Vale of Eternal Blossoms – Thunder King mural – The WoW Is In The Details
As I slaughtered kobolds for their precious candles, I stumbled across two little gravestones behind a nondescript hill. I wondered what they were there for, who or what might be buried there and what it all might mean to my story. And this was just in the starter zone of the starter zone — imagine what else the rest of the world held in store!

Fast forward — almost 9 years later — to today. Azeroth and the World of Warcraft has changed quite a bit. Katherinne would be the first to tell you that that I’m not in total agreement with some of the changes regarding accessibility, but we’ll save that for another time.

What has not changed, however, is Blizzard’s creativity and steadfast attention to detail and quality. They still manage to capture my sense of wonder as much today as they did back on November 23, 2004. There honestly still isn’t a day that goes by where I log off without having seen something amazing I haven’t seen before.

Over the years, Clash of Clans has came out, it would have been extremely easy for Blizzard to slack off on these details, and maybe not put as many resources into those “things that no one notices.” But they didn’t. They recognize that all of those things add a tremendous value and integrity to the world.

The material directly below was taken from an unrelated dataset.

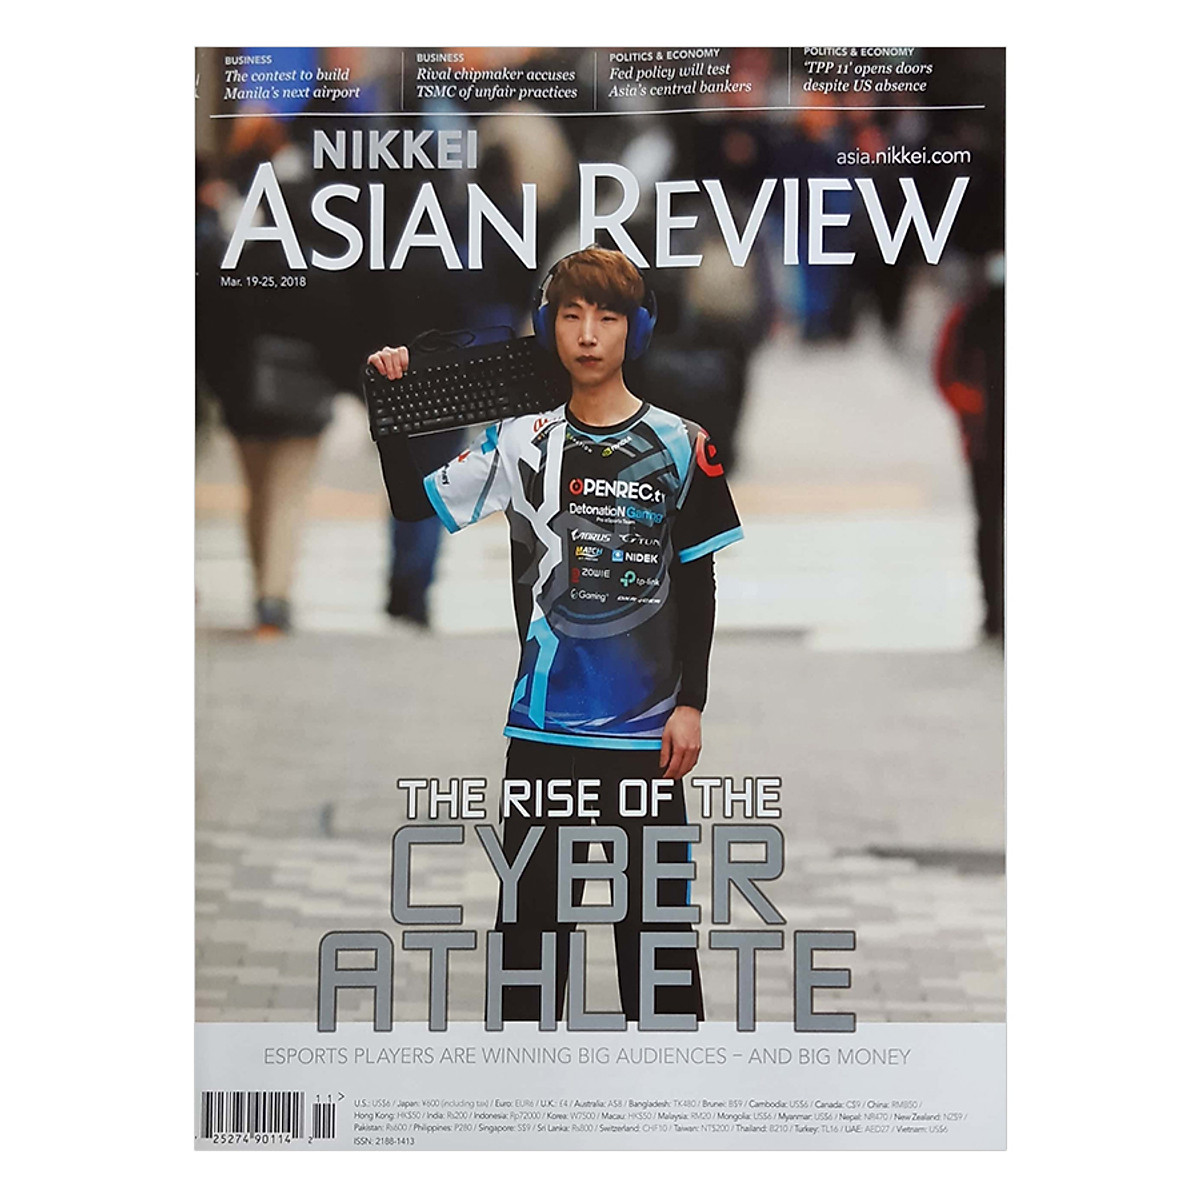 Nikkei Asian Review: The Rise Of The Cyber Athlete - 11

These details help make what is an unbelievable world believable and let the storytelling and gameplay emerge as the star. It’s something I think so many players take for granted, but is no mean feat.

So, this post is my plea to all of the talented designers, artists, developers and everyone else at Blizzard responsible for making Azeroth so amazing: don’t stop! Don’t let these details slip away in favor of efficiency. These are the ingredients that make that Azerothian brew so special, and no small contributor for the longevity of World of Warcraft’s success.